Before new contracts for Tom Brady, Drew Brees and Philip Rivers are factored into the 2020 equation, the Panthers’ non-guaranteed $19.1M cash commitment to Newton ranks 14th among quarterbacks. The $20.7M-per-year contract Newton signed before his MVP season is a relic of a period when the quarterback market was stuck in a team-friendly place. Four-plus years later, Newton makes nearly $15M less annually than Russell Wilson, while both Alex Smith and Nick Foles outearn Newton.

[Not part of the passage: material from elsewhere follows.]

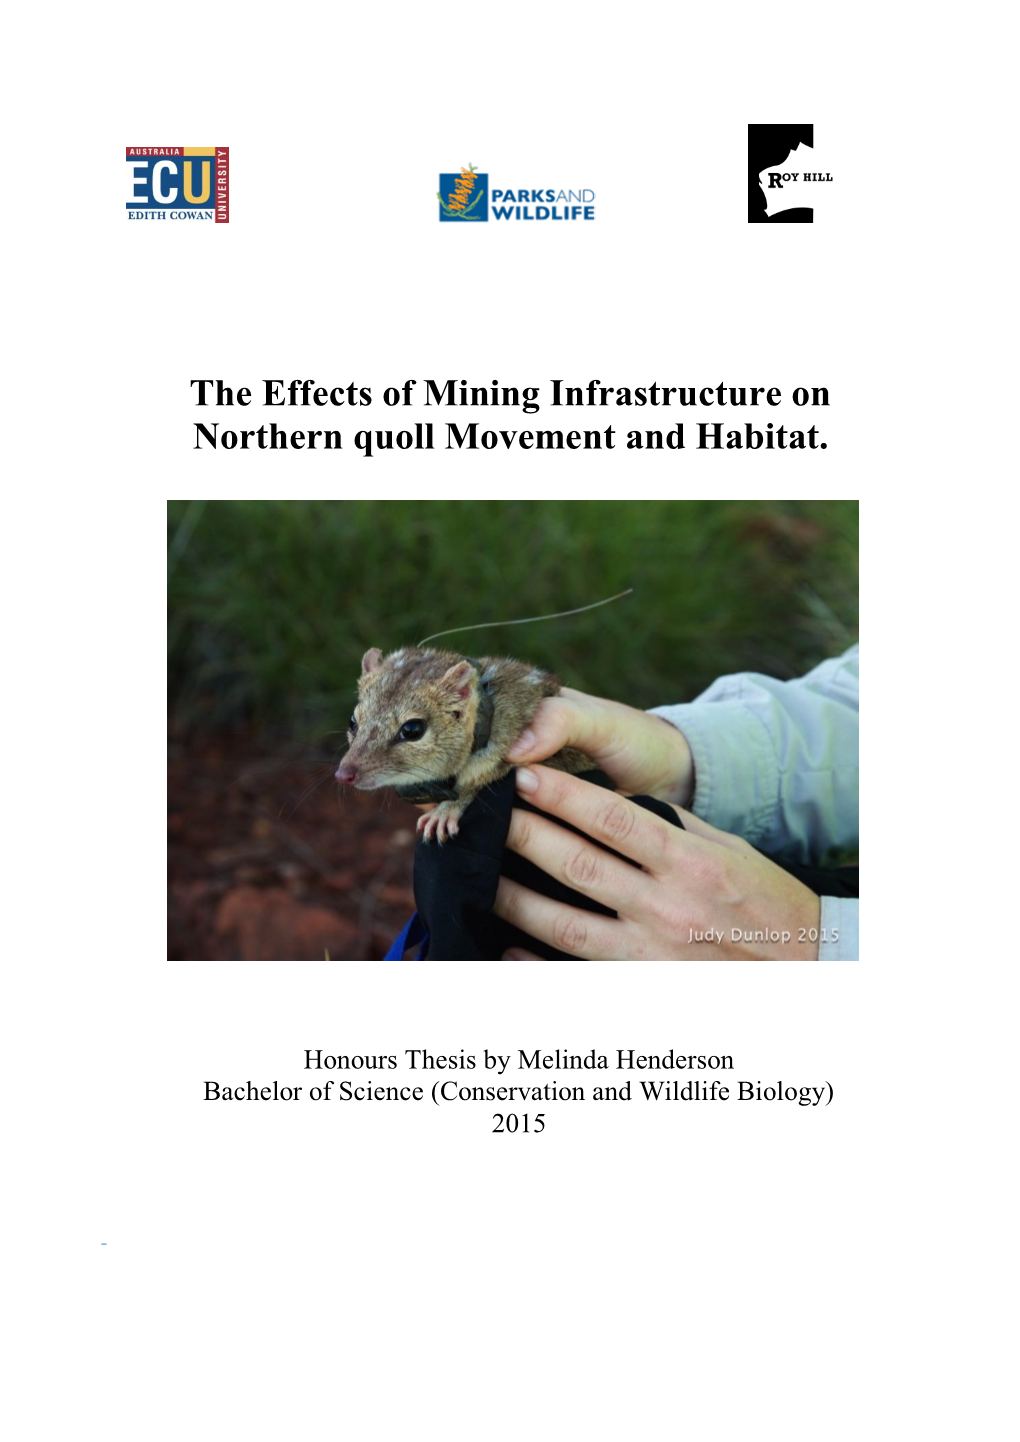 The Effects of Mining Infrastructure on Northern Quoll Movement and Habitat

Monitoring Newton’s recovery, as the Panthers did during his shoulder rehab during the 2017 and ’19 offseasons, and keeping a return for the QB in play makes the most sense. Allen has fared reasonably well in Newton’s stead, sporting the No. 23 QBR ranking, but he went undrafted for a reason. The Panthers should not view the second-year signal-caller as a future starter yet. They drafted Grier in Round 3 despite seeing Allen in practices and games for a year, after all.

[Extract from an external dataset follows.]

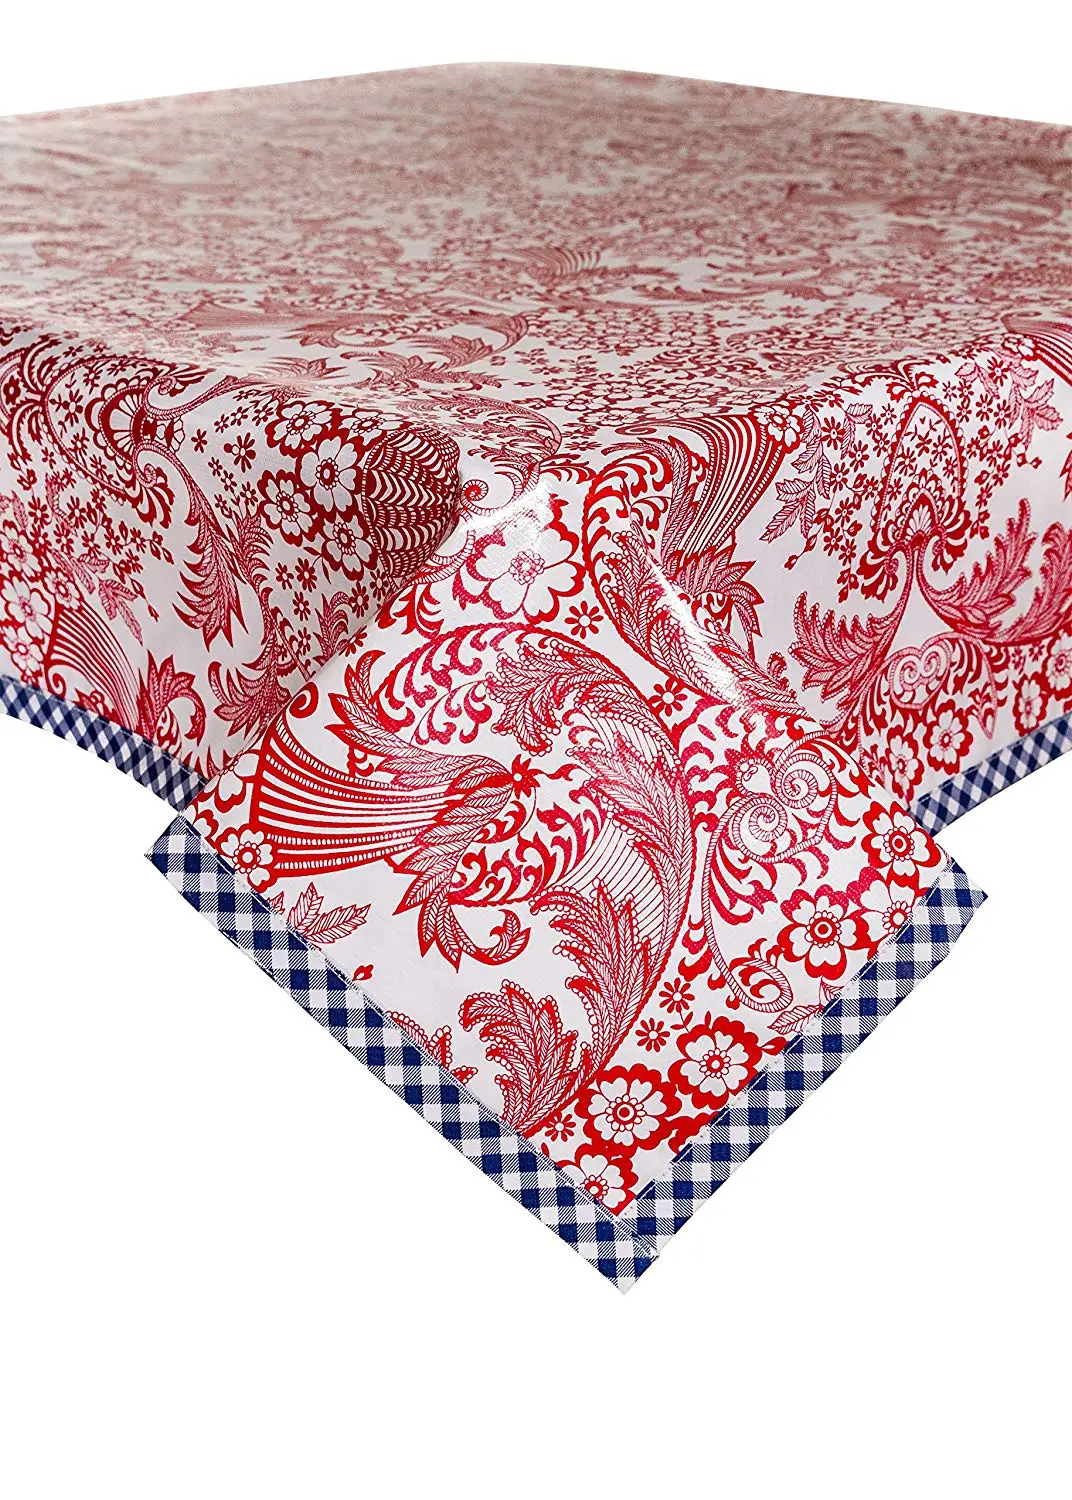 Unique oilcloth tablecloth oval Cheap Oilcloth Tablecloth Oval Find Deals On Line At Alibaba Com

Panthers GM Marty Hurney oversaw the Delhomme era and knows how to identify an undrafted quarterback gem. But Delhomme, Jeff Garcia and Jon Kitna were obviously the exceptions. Undrafted free agents can run offenses as stopgaps — as Case Keenum, Brian Hoyer and ex-Panther Matt Moore showed in recent years — but are rarely solutions.

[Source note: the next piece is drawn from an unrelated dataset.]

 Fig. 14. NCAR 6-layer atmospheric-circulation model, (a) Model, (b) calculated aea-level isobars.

However, if new owner David Tepper green-lights a fresh start, Newton will be among the most interesting trade chips in memory. Inconsistent mechanics and below-average accuracy helped give the 2010 Heisman recipient a polarizing reputation, but given some teams' quarterback play, buyers will emerge. Case in point: Teams gave up third- and fourth-round picks, respectively, for Tyrod Taylor and Joe Flacco over the past two years.

Newton’s QBR since the start of the 2016 season (48.6) ranks 30th — behind fellow 2020 trade chip Andy Dalton. In the easiest era to earn Pro Bowl invites, voters snubbed Newton from 2016-18. He was brutally ineffective playing through foot pain in September, but before his shoulder trouble resurfaced in November 2018, Newton carried a 15:4 touchdown pass-to-interception ratio under new offensive coordinator Norv Turner. The Panthers started 6-2 last season. Newton also rushed for a career-best 754 yards in Carolina’s 2017 playoff year. He piloted an offense deploying Ted Ginn, Corey "Philly" Brown and Jerricho Cotchery as its top wideouts to a 15-1 record and Super Bowl 50.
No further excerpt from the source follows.